Your company is exploring the use of voice recognition technologies in its smart home devices. The company wants to identify any barriers that might unintentionally leave out specific user groups.
This an example of which Microsoft guiding principle for responsible AI?

A. accountability
B. fairness
C. inclusiveness
D. privacy and security

Correct Answer:
C. inclusiveness

Exam Question 7

What are three Microsoft guiding principles for responsible AI?
Each correct answer presents a complete solution.
NOTE: Each correct selection is worth one point.

A. knowledgeability
B. decisiveness
C. inclusiveness
D. fairness
E. opinionatedness
F. reliability and safety

Correct Answer:
C. inclusiveness
D. fairness
F. reliability and safety

Exam Question 8

You run a charity event that involves posting photos of people wearing sunglasses on Twitter.
You need to ensure that you only retweet photos that meet the following requirements:

  • Include one or more faces.
  • Contain at least one person wearing sunglasses.

What should you use to analyze the images?

A. the Verify operation in the Face service
B. the Detect operation in the Face service
C. the Describe Image operation in the Computer Vision service
D. the Analyze Image operation in the Computer Vision service

Correct Answer:
B. the Detect operation in the Face service

Exam Question 9

Which metric can you use to evaluate a classification model?

A. true positive rate
B. mean absolute error (MAE)
C. coefficient of determination (R2)
D. root mean squared error (RMSE)

Correct Answer:
A. true positive rate
Answer Description:
What does a good model look like?
An ROC curve that approaches the top left corner with 100% true positive rate and 0% false positive rate will be the best model.
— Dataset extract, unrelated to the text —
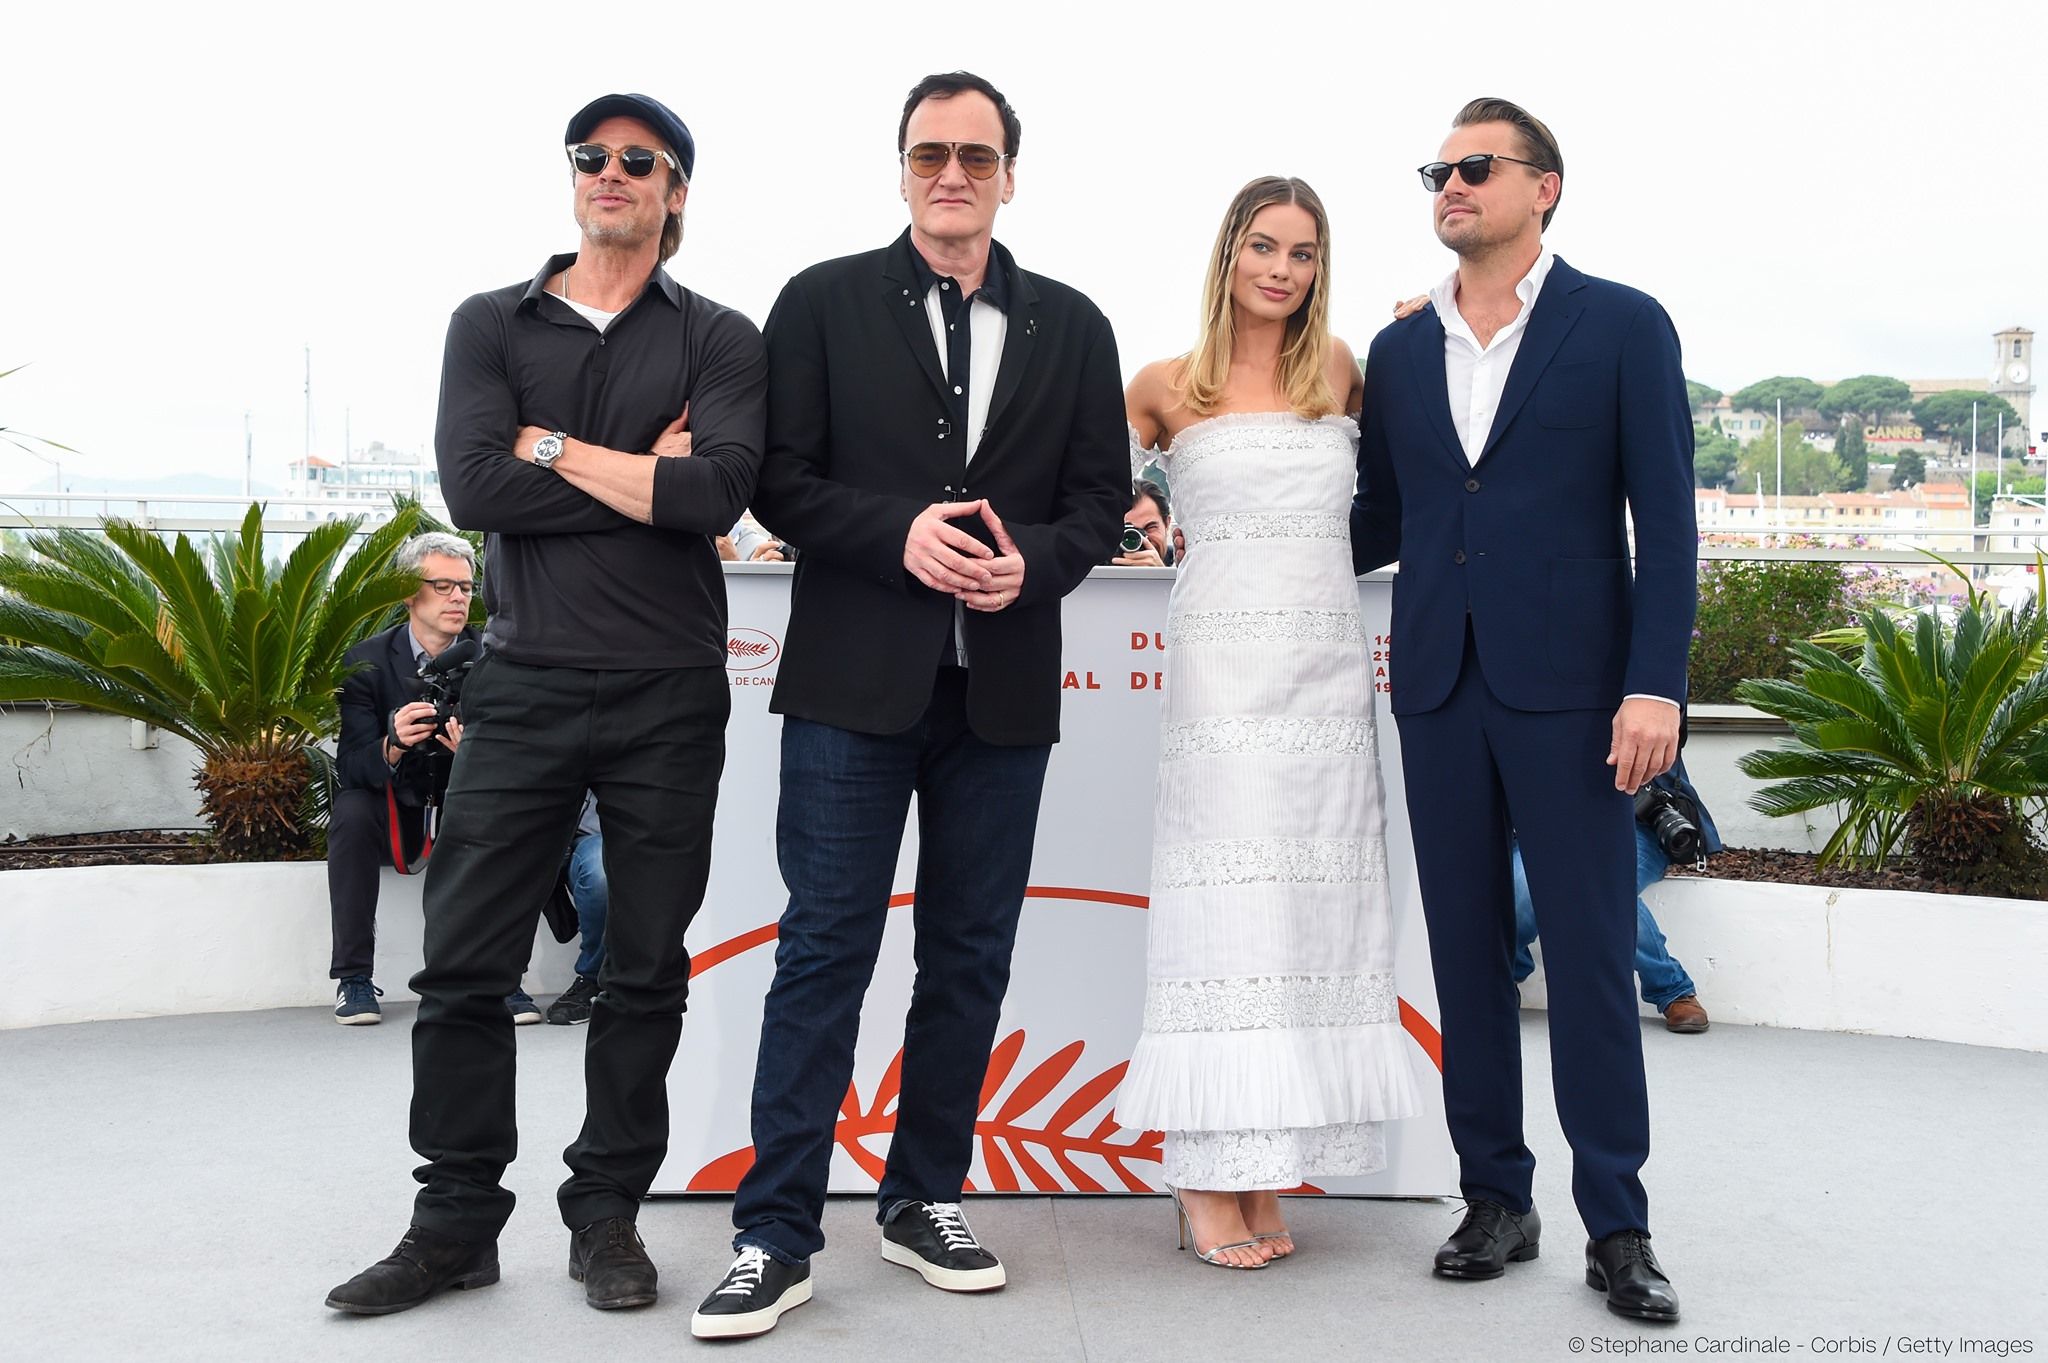 Lelkes fogadtatásban részesült Tarantino filmje Cannes-ban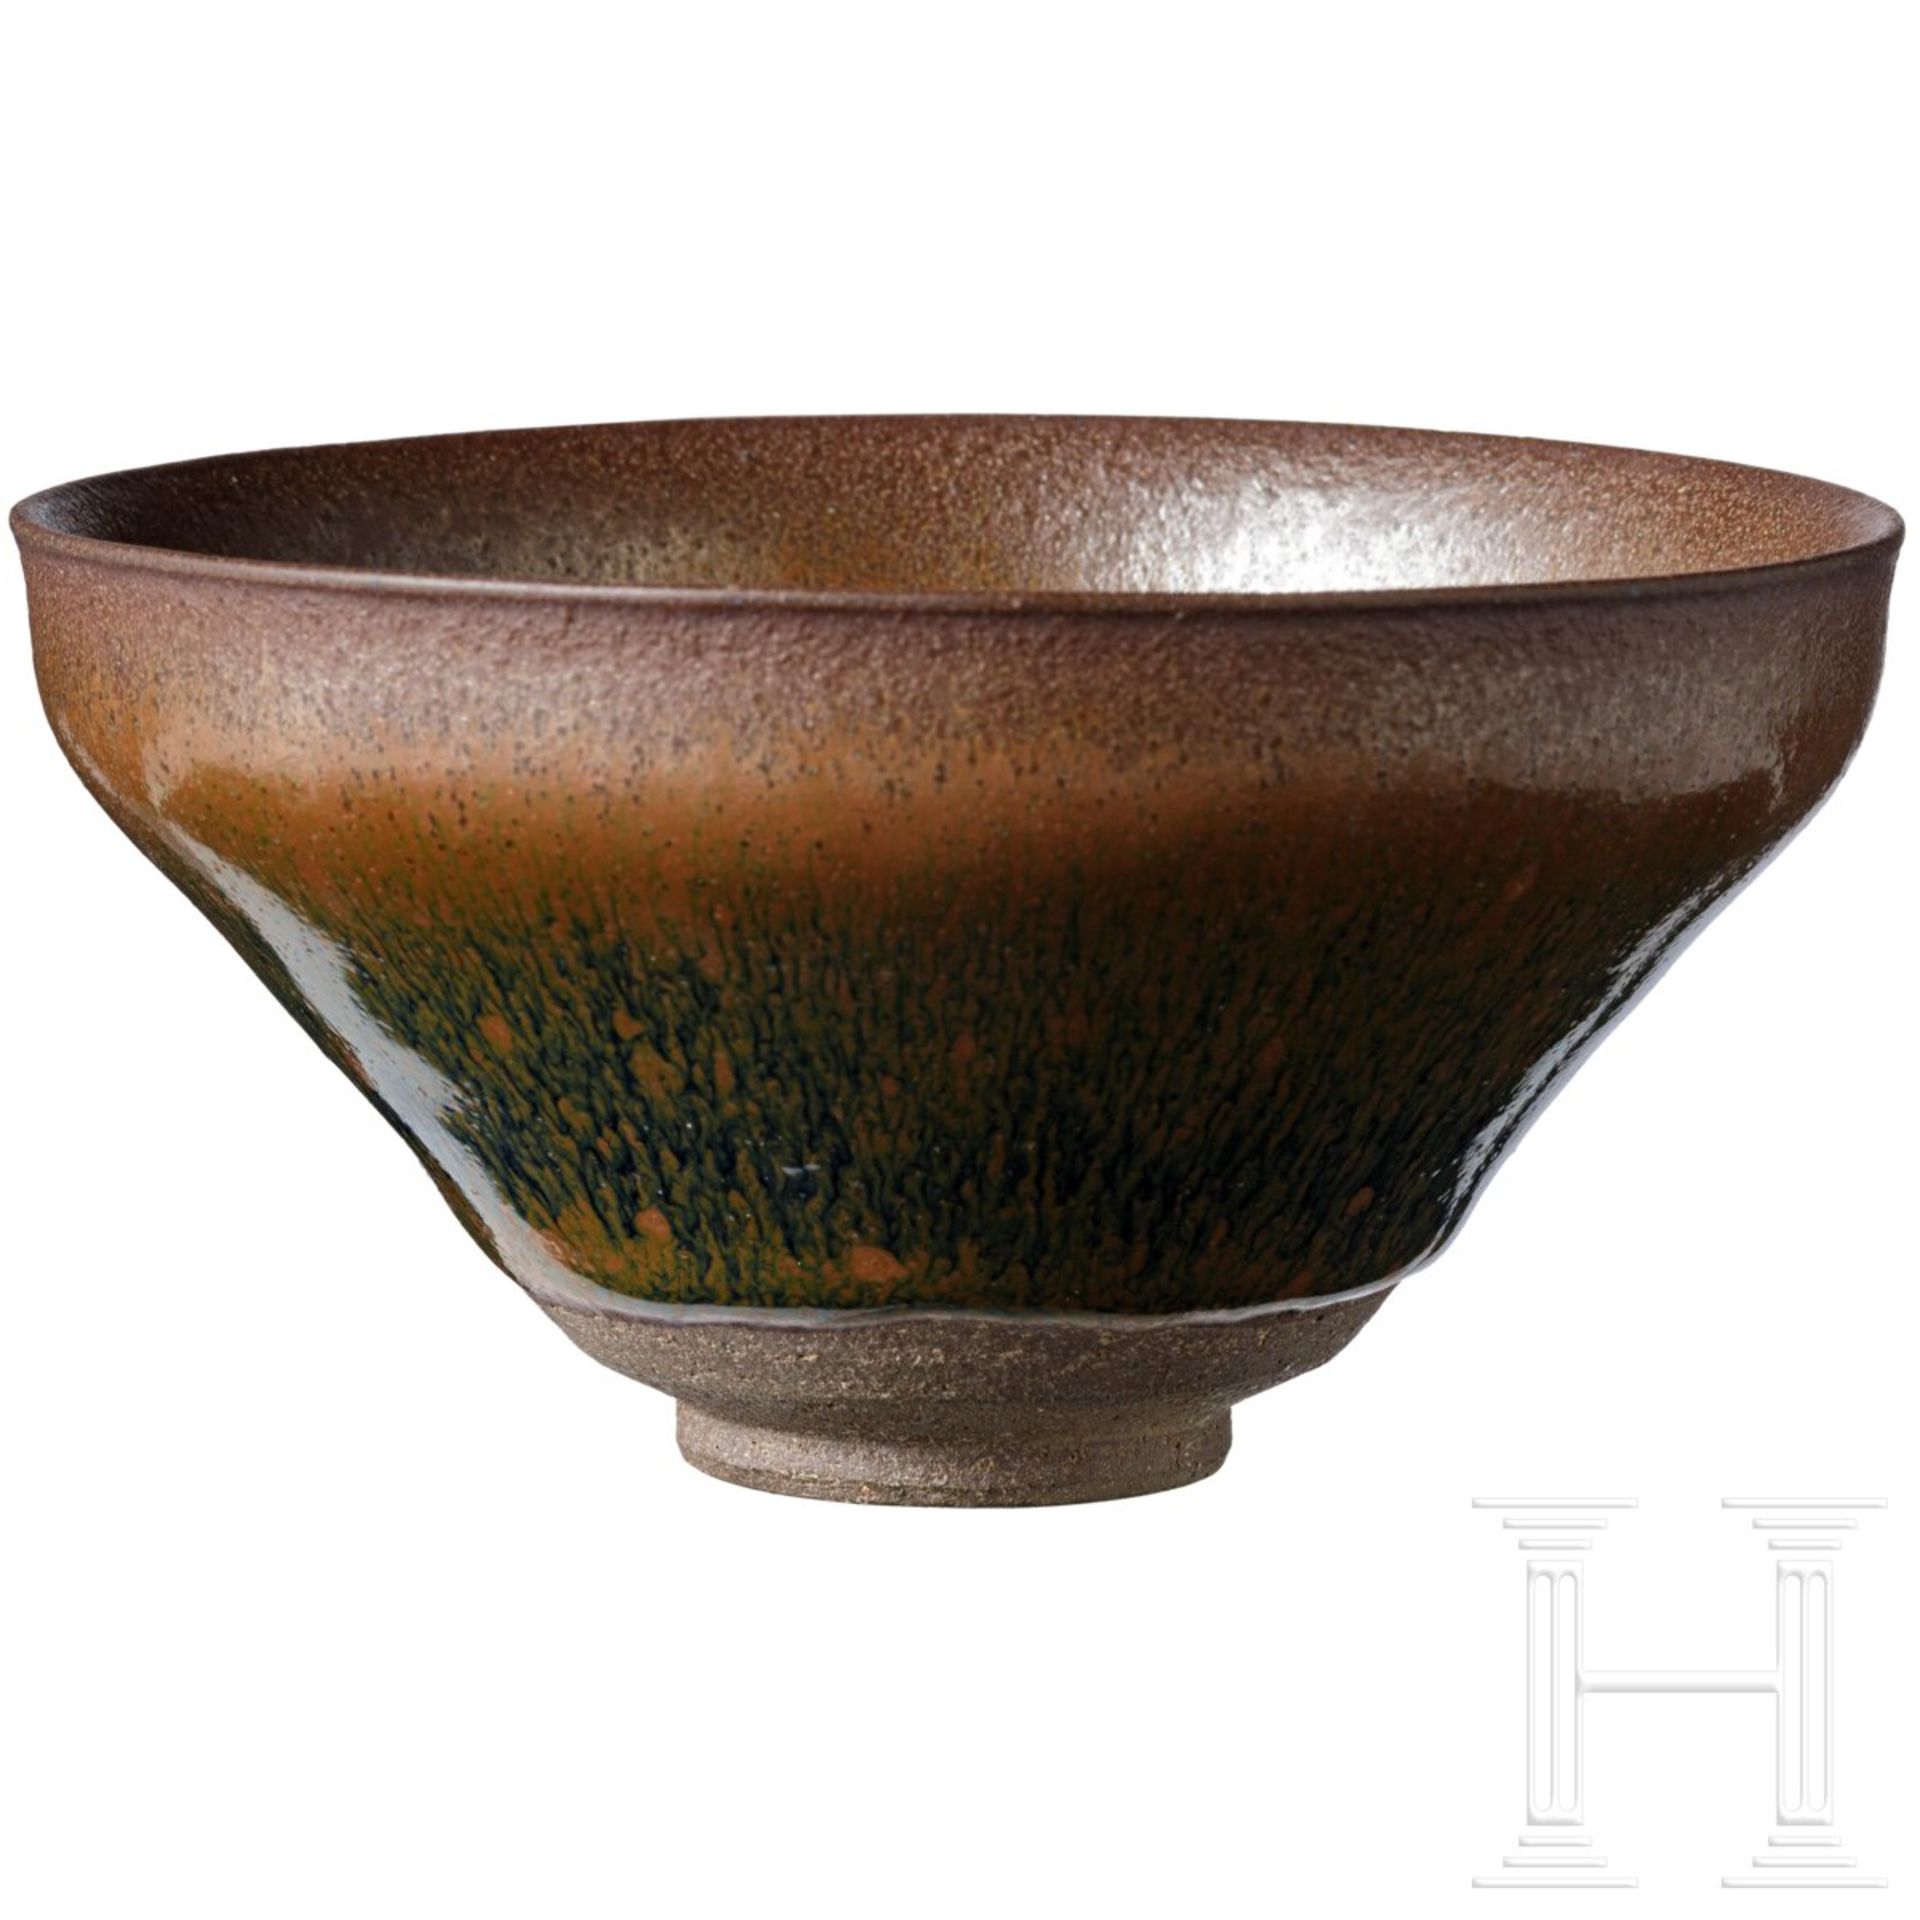 Jianyao-Teeschale mit schwarz-brauner Hasenfell-Glasur, Song-Dynastie (12. - 13. Jhdt.) - Bild 4 aus 19

A random model would display as a flat line from the bottom left to the top right corner. Worse than random would dip below the y=x line.

Exam Question 10

Which two components can you drag onto a canvas in Azure Machine Learning designer? Each correct answer presents a complete solution.
NOTE: Each correct selection is worth one point.

A. dataset
B. compute
C. pipeline
D. module

Correct Answer:
A. dataset
D. module
Answer Description:
You can drag-and-drop datasets and modules onto the canvas.